Après une période ayant suivi 2012 pendant laquelle Xi Jinping avait accepté de laisser la bride sur le cou aux groupes privés, leur succès le conduit aujourd’hui à les remettre sous le boisseau. Jack Ma n’échappe pas à cette reprise en main, d’autant que « Ant group » et son système de prêt en ligne est un concurrent direct des banques publiques.

Au passage, la réaction de médias et des réseaux sociaux très largement critiques d’Alibaba et de Ant Group en dit long sur l’emprise de l’appareil sur l’information et la société ou, à tout le moins, sur la difficulté que s’expriment des voix contraires à celle du Parti. Sur le net où il est difficile de faire le tri entre le trafic normal de messages et l’avalanche automatique, Jack Ma a entre autres été accusé d’être un « capitaliste cupide », un « affreux égotiste de la haute-technologie, s’imaginant être au-dessus des lois ».

Le paradoxe est qu’alors même que son action milite en faveur d’un système financier ouvert à la concurrence, pour le bien du public qui disposerait d’autres choix que les banques d’État, les réseaux sociaux chapitrés par la propagande ont dépeint Jack Ma comme une « requin de l’usure ayant sucé le sang des emprunteurs chinois, méritant d’être sanctionné pour contrevenir au dogme communiste » .

Fini le temps où l’ancien professeur d’anglais était cité en exemple par le Parti comme l’archétype de l’entrepreneur sachant prendre des risques. Le préoccupant symptôme d’un lynchage en ligne, effet de la centralisation excessive éliminant systématiquement tous les contrepouvoirs et la pensée libre, fait surgir le spectre de la révolution culturelle de très sinistre mémoire.

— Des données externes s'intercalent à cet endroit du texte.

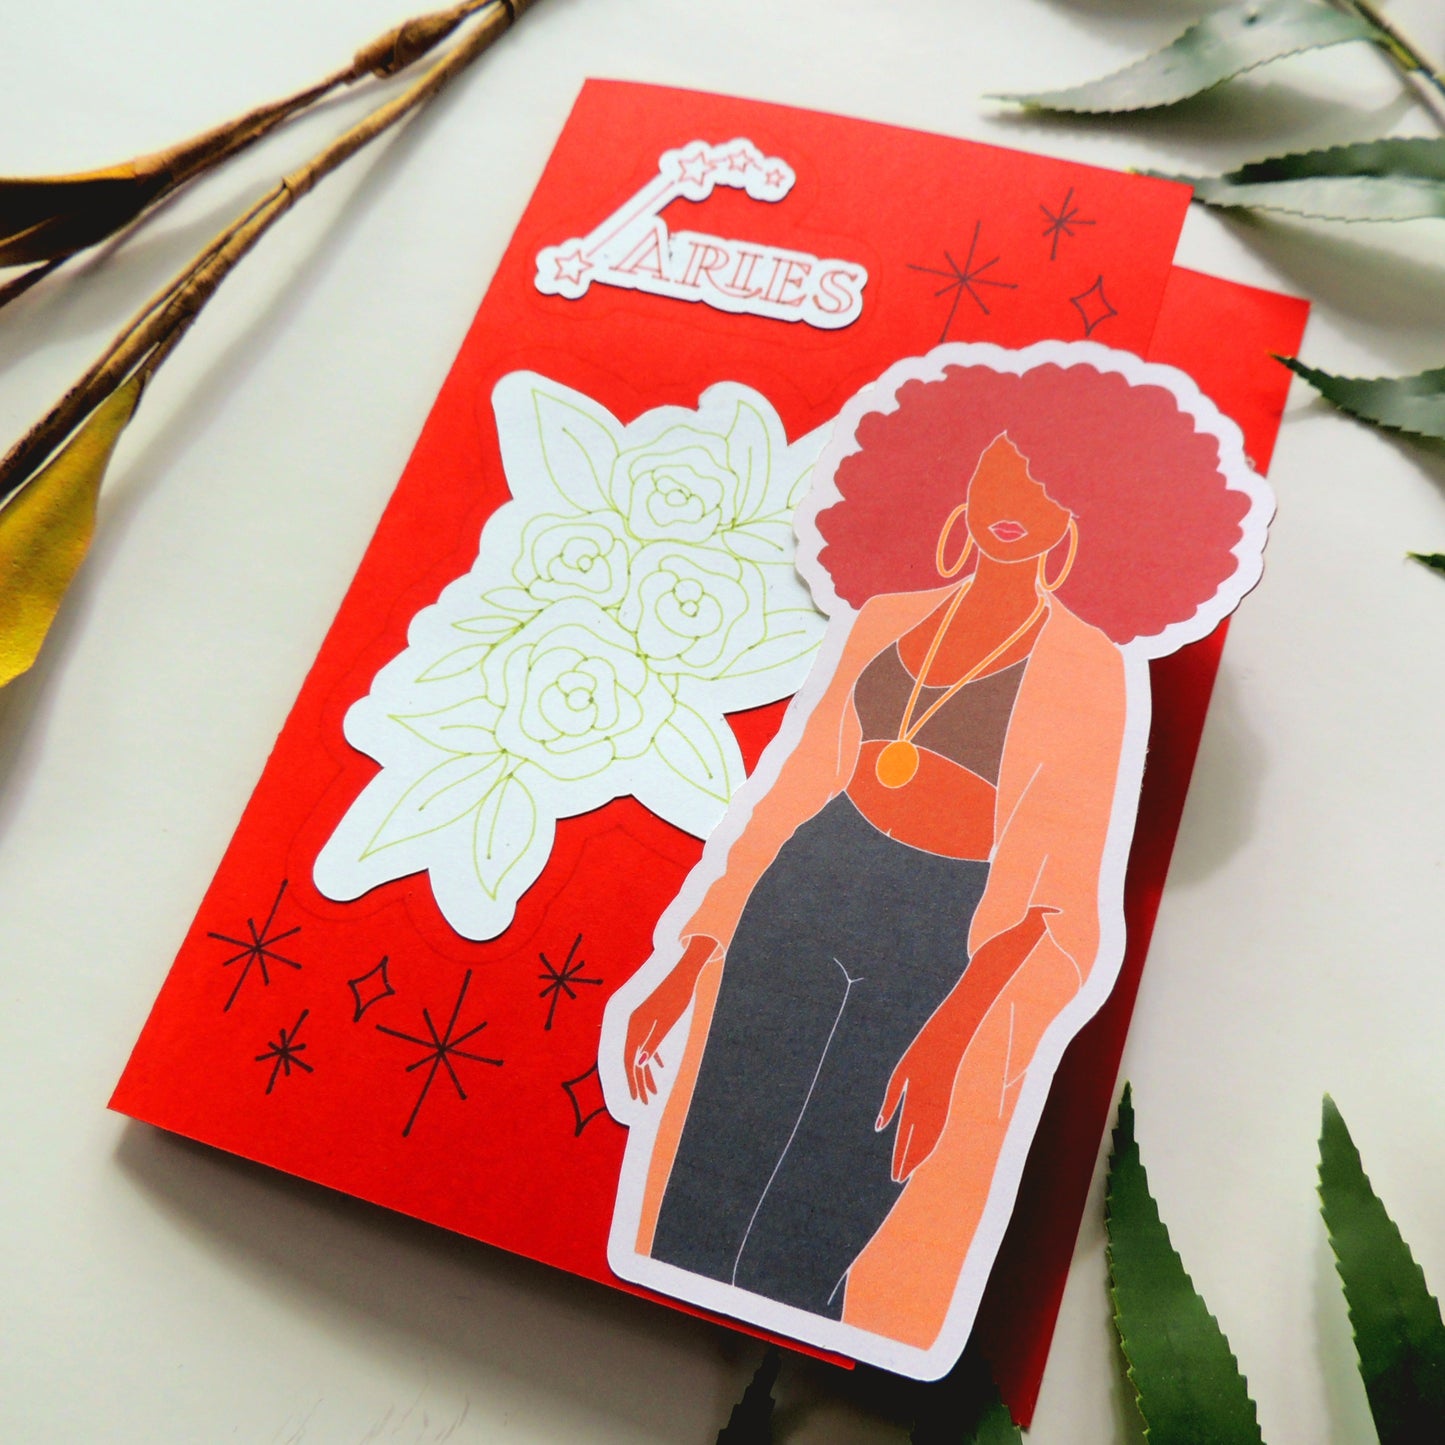 Afro Beauty Aries Zodiac Greeting Card

L’avenir dira si Jack Ma, devenu plusieurs dizaines de fois milliardaire grâce au commerce en ligne dont il fut le premier en Chine à anticiper le potentiel presque infini, prête lui-même le flanc à une riposte politique.

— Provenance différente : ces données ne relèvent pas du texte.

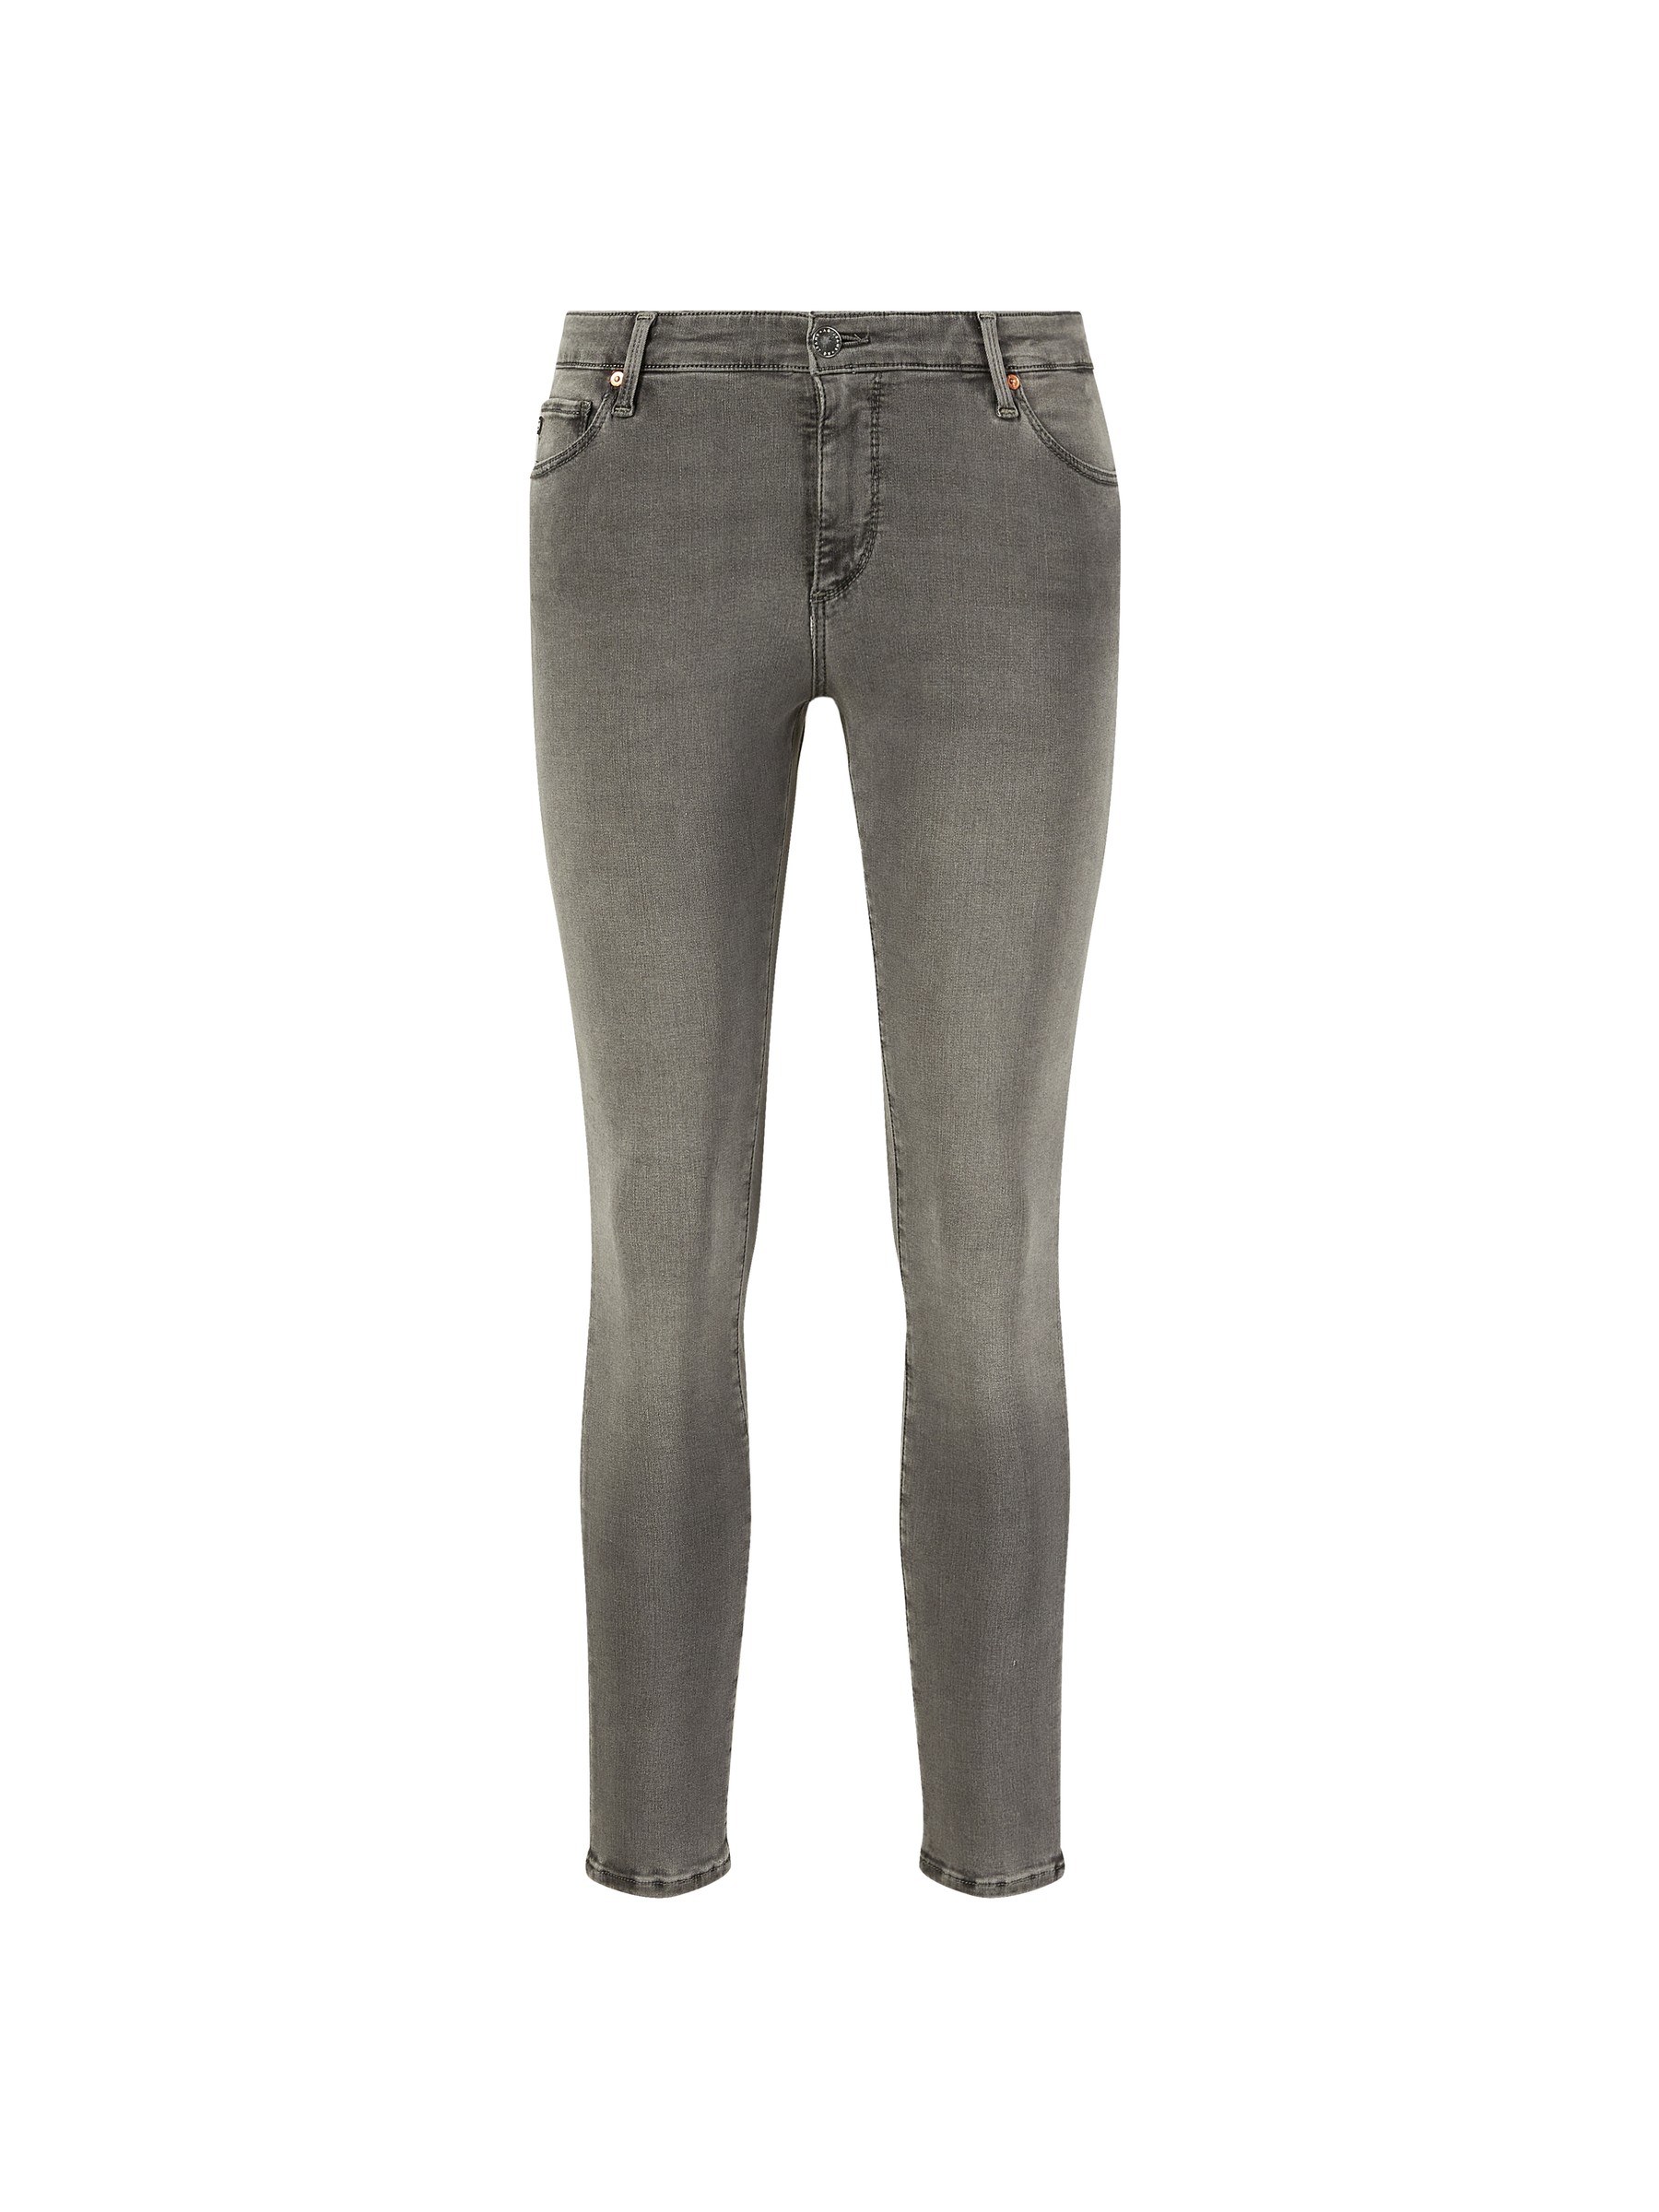 Damen Bekleidung Jeans Röhrenjeans AG Jeans Denim Skinny-Fit Jeans Leggins Ankle Grau in Grau

Le corset du contrôle central et ses effets pervers.

Nous n’en sommes pas là. Les régulateurs se contentent pour l’instant de proposer de nouvelles contraintes applicables aux prêteurs en ligne dont l’essentiel sera d’abord d’augmenter leurs réserves obligatoires en cash et d’inscrire à leurs bilans les risques crédits liés au défaut de remboursement de leurs dettes par les débiteurs.

Signe d’un resserrement des contrôles, leurs opérations ne seront plus supervisées par les autorités locales, mais directement par la Banque Centrale ou par la Commission de Régulation Boursière. Leurs prêts seront limités à des emprunteurs à l’intérieur de leurs provinces d’origine et ne pourront pas être utilisés pour des investissements financiers et immobiliers ou pour le paiement des hypothèques.

Les nouvelles contraintes qui réduisent drastiquement le scope des activités des banques en ligne handicaperont le secteur en plein essor des prêts de faible montant à des entrepreneurs ou à des artisans qui ne peuvent pas accéder aux prêts bancaires classiques, mais souhaitent malgré tout tenter une opération immobilière pour renflouer leur trésorerie.

Dans une analyse du SCMP du 3 novembre, Alison Tudor, basée à Hong Kong, ancienne spécialiste financière du WSJ pour l’Asie, pointe du doigt le paradoxe que l’offensive visant le géant de la finance en ligne aboutit in fine à infliger un coup direct au micro-crédit dont la somme était évaluée 1430 Mds de $ au 30 juin dernier et à gêner les flux financiers vers les PME pourvoyeurs d’emplois.